There are two main "compound structures" used within Toy's internals - the `LiteralArray` and `LiteralDictionary`. The former is an array of `Literal` instances stored sequentially in memory for fast lookups, while the latter is a key-value hashmap designed for efficient lookups based on a `Literal` key. These are both accessible via the language as well.
These compound structures hold **copies** of literals given to them, rather than taking ownership of existing literals.
## Compiling Toy Scripts
Please see [Compiling Toy](compiling-toy) for more information on the process of turning scripts into bytecode.
## Interpreting Toy
The `Interpreter` structure is the beating heart of Toy - You'll usually only need one interpreter, as it can be reset as needed.

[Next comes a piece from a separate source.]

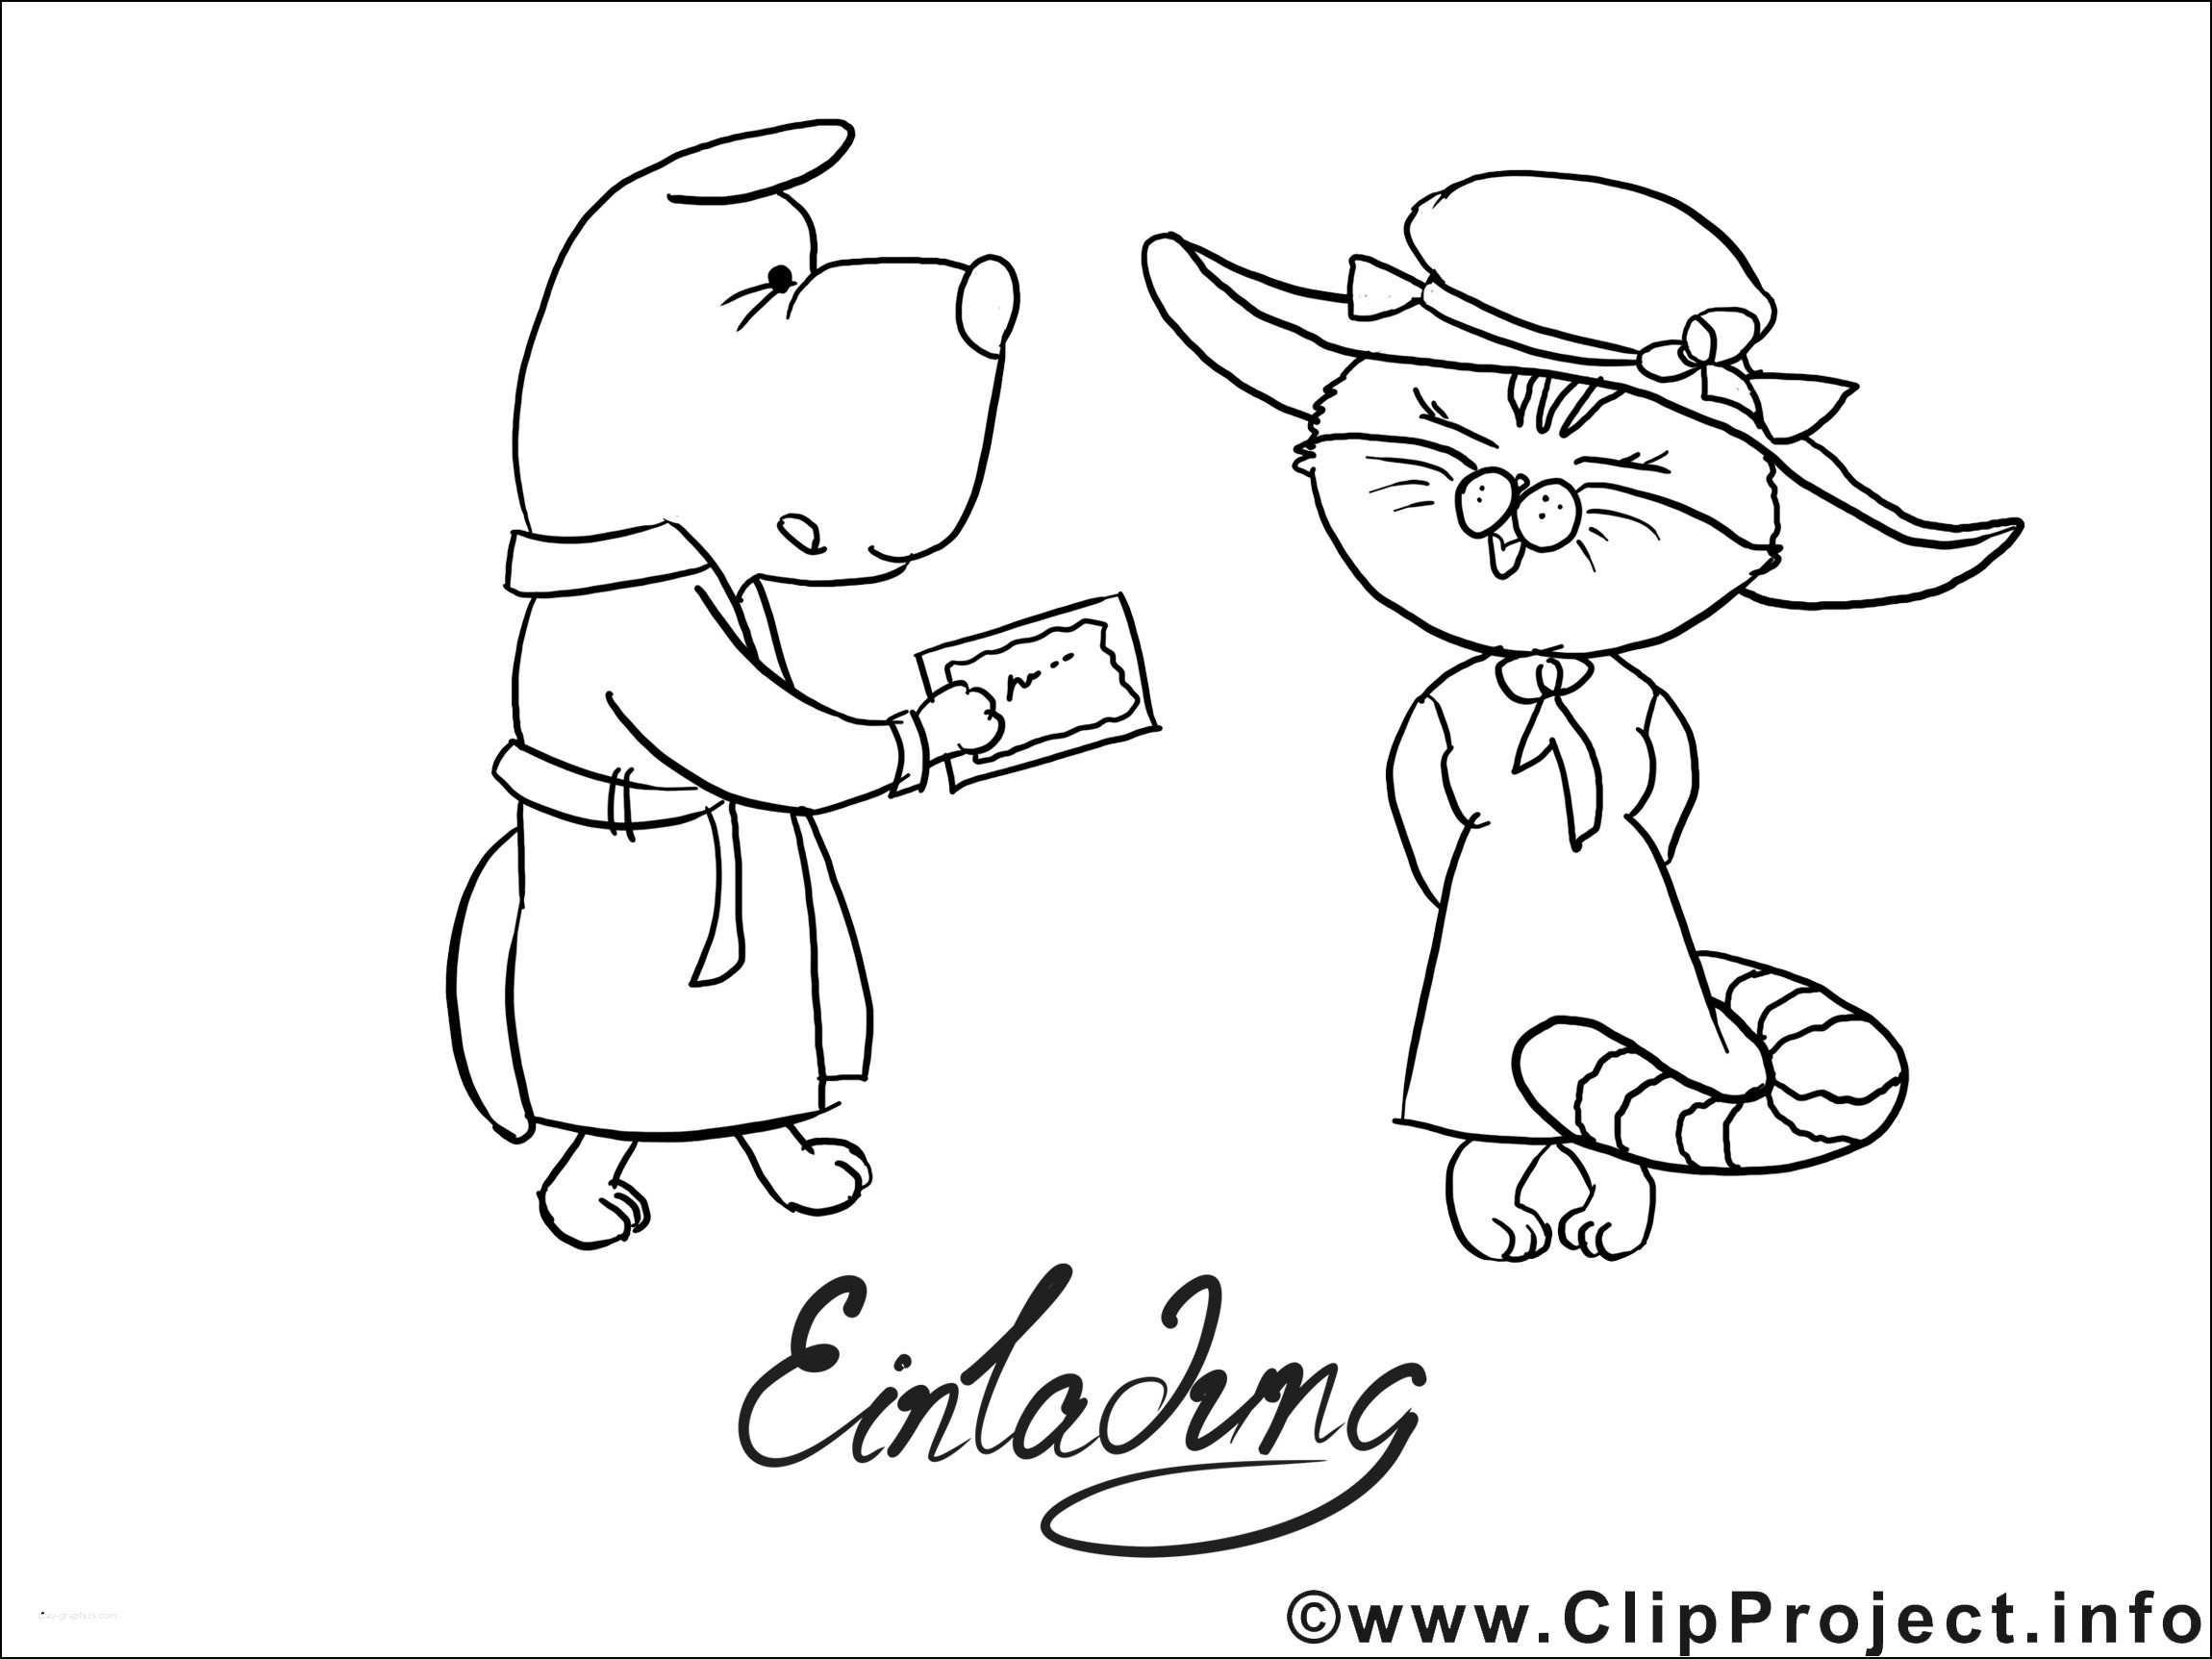 Malvorlagen Katzen Einzigartig Ausmalbilder Prinzessin Elsa Ideen Katze Ausmalbilder Schön T8dj Bild

The four basic functions are used as follows:
```c
//assume "tb" and "size" are the results of compilation
Interpreter interpreter;
initInterpreter(&interpreter);
runInterpreter(&interpreter, tb, size);
resetInterpreter(&interpreter); //You usually want to reset between runs
freeInterpreter(&interpreter);
```
In addition to this, you might also wish to "inject" a series of usable libraries into the interpreter, which can be `import`-ed within the language itself. This process only needs to be done once, after initialization, but before the first run.
```c
injectNativeHook(&interpreter, "standard", hookStandard);
```
A "hook" is a callback function which is invoked when the given library is imported. `standard` is the most commonly used library available.
```
import standard;
```
Hooks can simply inject native functions into the current scope, or they can do other, more esoteric things (though this is not recommended).
```c
//a utility structure for storing the native C functions
typedef struct Natives {
char* name;
NativeFn fn;
} Natives;
int hookStandard(Interpreter* interpreter, Literal identifier, Literal alias) {
//the list of available native C functions that can be called from Toy
Natives natives[] = {
{"clock", nativeClock},
{NULL, NULL}
};
//inject each native C functions into the current scope
for (int i = 0; natives[i].name; i++) {
injectNativeFn(interpreter, natives[i].name, natives[i].fn);
}
return 0;
}
```
## Calling Toy from C
In some situations, you may find it convenient to call a function written in Toy from the host program. For this, a pair of utility functions have been provided:
```c
TOY_API bool callLiteralFn(Interpreter* interpreter, Literal func, LiteralArray* arguments, LiteralArray* returns);
TOY_API bool callFn (Interpreter* interpreter, char* name, LiteralArray* arguments, LiteralArray* returns);
```
The first argument must be an interpreter. The third argument is a pointer to a `LiteralArray` containing a list of arguments to pass to the function, and the fourth is a pointer to a `LiteralArray` where the return values can be stored (an array is used here for a potential future feature). The contents of the argument array is consumed and left in an indeterminate state (but is safe to free), while the returns array always has one value - if the function did not return a value, then it contains a `null` literal.
The second arguments to these functions are either the function to be called as a `Literal`, or the name of the function within the interpreter's scope. The latter API simply finds the specified `Literal` if it exists and calls the former. As with most APIs, these return `false` if something went wrong.